May 11, 2007
UI Theater Student John M. Baker Wins National Dramaturgy Award
John M. Baker, a Master of Fine Arts dramaturgy fellow in the University of Iowa Department of Theatre Arts, is the 2007 winner of the National Student Dramaturgy Award. The award was announced at the American College Theatre Festival in the John F. Kennedy Center for the Performing Arts in Washington, D.C.
Baker was honored for his work on "Pigheart," a play by Iowa Playwrights Workshop student Samuel D. Hunter that was produced in the 2006 Iowa New Play Festival.

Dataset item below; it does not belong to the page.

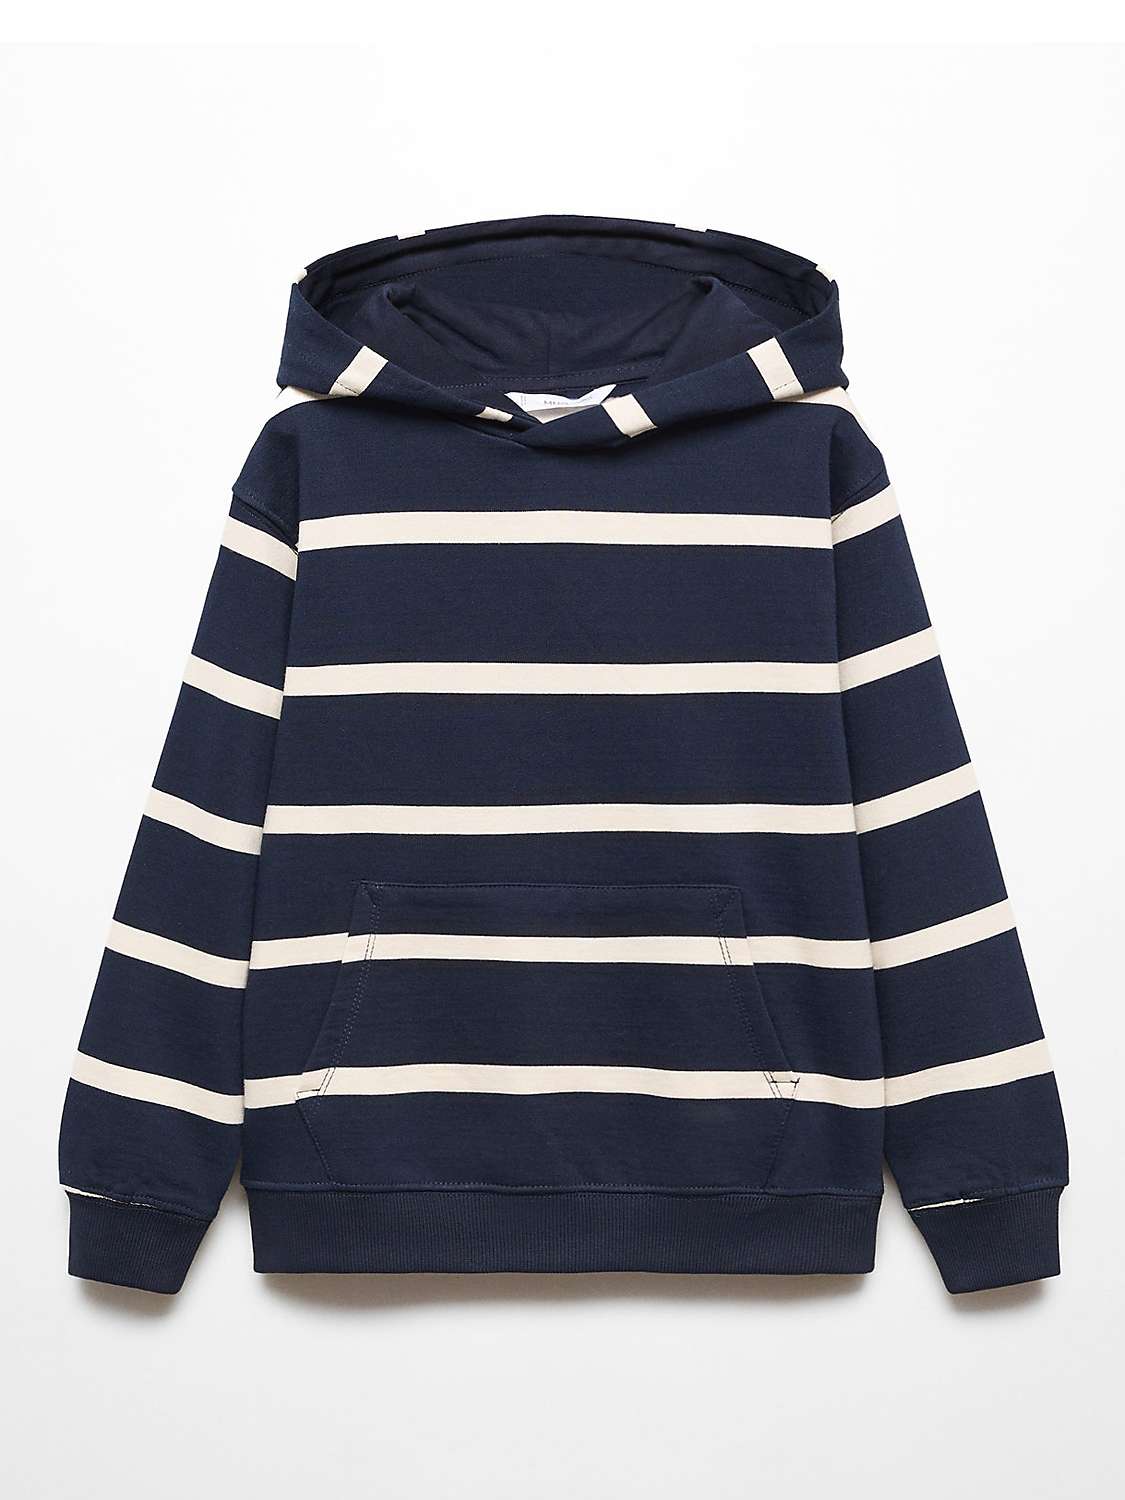 Buy Mango Kids' Sea Striped Hooded Sweatshirt, Navy Online at johnlewis.com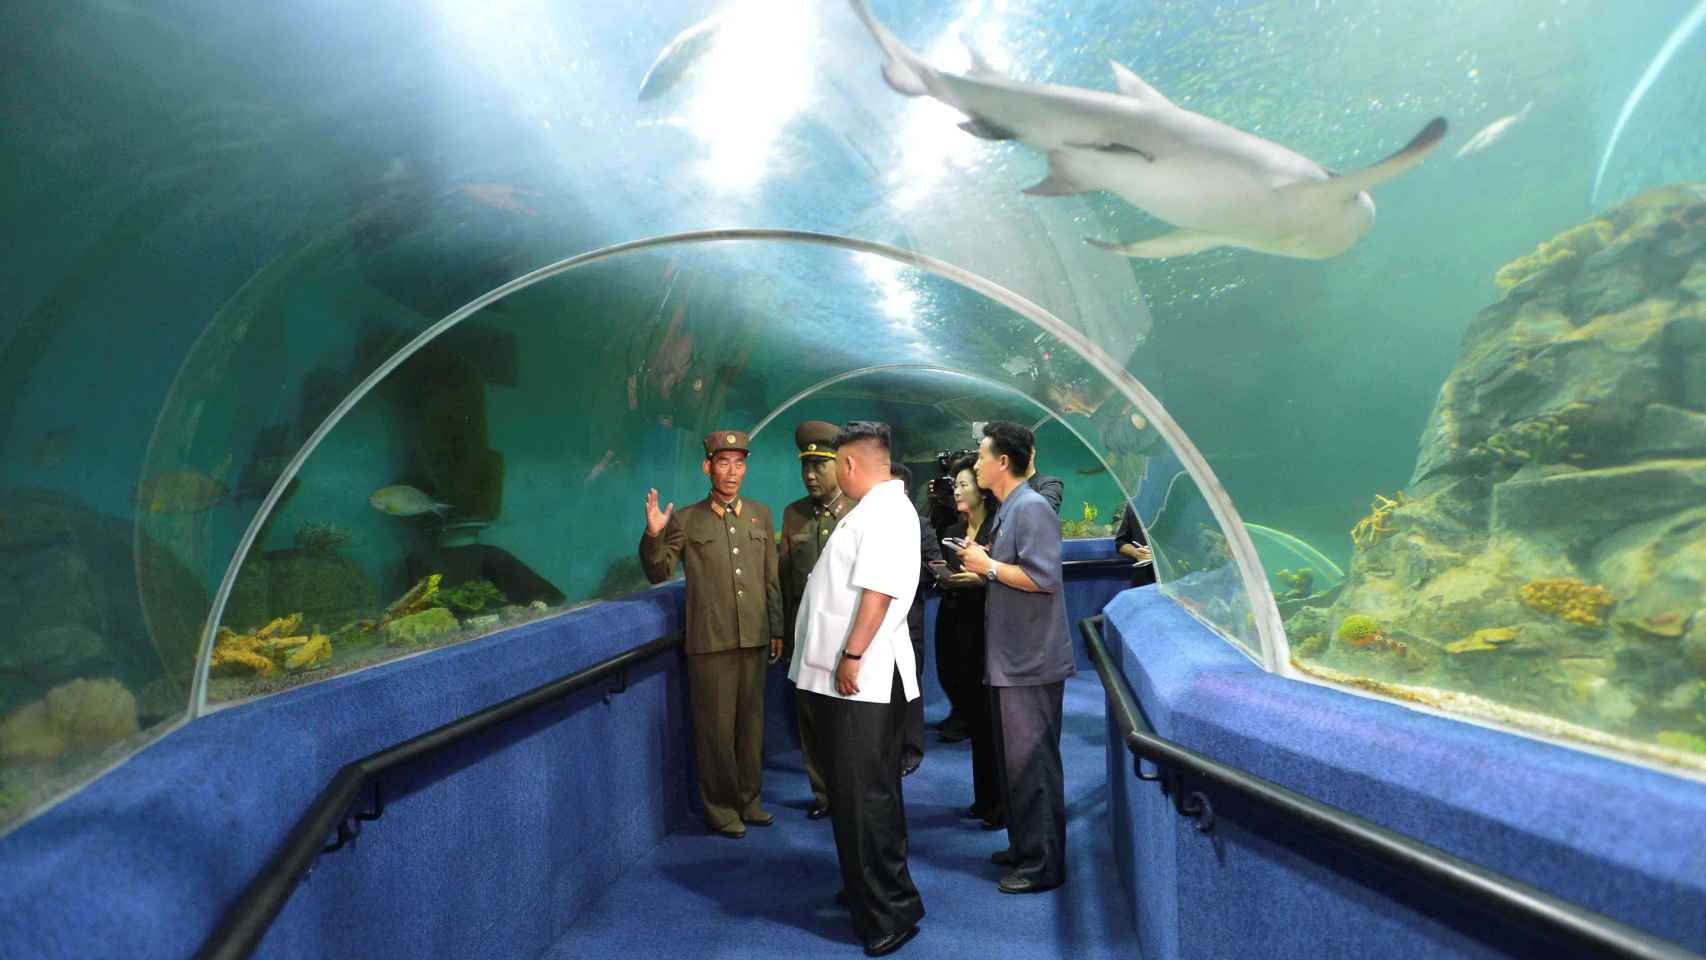 Kim Jong-un visita un aquarium, una de las atracciones turísticas

The play was based on Hunter's experiences teaching playwriting in the Palestinian territories in the summer of 2005.
The award -- presented collaboratively by Literary Managers and Dramaturgs of the Americas, the Kennedy Center's American College Theatre Festival, and the Association for Theatre in Higher Education -- recognizes contributions by student dramaturgs to the conception, development and production of theater in their colleges and universities.
The honor includes a $100 prize and will also enable Baker to attend the O'Neill National Playwrights' Conference as a literary assistant and assistant dramaturg.
Faculty member Art Borrecca, a dramaturg who directs the Iowa Playwrights Workshop, commented, "'Pigheart' was a controversial play from the very start, from its first reading in class in fall 2005 to its production in our annual New Play Festival in May 2006.
"From that first reading and through several revisions of the script; and then through the process of production, John was instrumental to the play's development -- a steady, supportive, questioning presence for a playwright navigating the ideological and dramaturgical minefields of writing about American characters caught up in a political and cultural situation beyond their comprehension."
Dramaturgs seldom get recognition; in fact, most people don't know what a dramaturg does. But Borrecca explains that dramaturgy is a crucial part of production: "Dramaturgs help to bridge theatrical theory and practice. They conduct research into a play's historical, philosophical, sociological and other contexts, and they collaborate with directors on analyzing how those contexts, as well as the play's dramatic form and dynamics, inform how the play might be staged.
"Throughout the rehearsal process, the dramaturg serves as a historical and theoretical resource for the director, designer and cast, providing a 'second pair of eyes' for the director as the production develops in rehearsals. Dramaturgs devoted to new play development carry out comparable functions throughout the writing and many revisions of a script and its progression from writing through various kinds of readings to full production," he says.
Baker, who holds a bachelor's degree in English from Boston University, is also the resident dramaturg and a literary associate at Riverside Theatre in Iowa City. His most recent dramaturgical work at the UI includes "Black on the Great White Way: The Story of Rose McClendon," "Red Noses," "Love's Labour's Lost" and "Betty's Summer Vacation." In addition to "Pigheart," Baker has helped develop Hunter's "Abraham (I am an Island)" and "I am Montana," which was produced in the 2007 Iowa New Play Festival.
This summer he will be as a dramaturg at the Seven Devils Playwrights Conference. Prior to moving to Iowa, Baker worked in the Guthrie Theater and Williamstown Theatre Festival literary departments. He also worked as the artistic advisor of Boston Latin School's theater department for three years.
The American College Theatre Festival, founded in 1969, is a national theater program involving 18,000 students from colleges and universities nationwide that has served as a catalyst in improving the quality of collegiate theater in the United States. The Festival has grown into a network of more than 600 academic institutions throughout the country, where theater departments and student artists showcase their work and receive outside assessment by Festival respondents.
The Department of Theatre Arts is part of the Division of Performing Arts in the UI College of Liberal Arts and Sciences.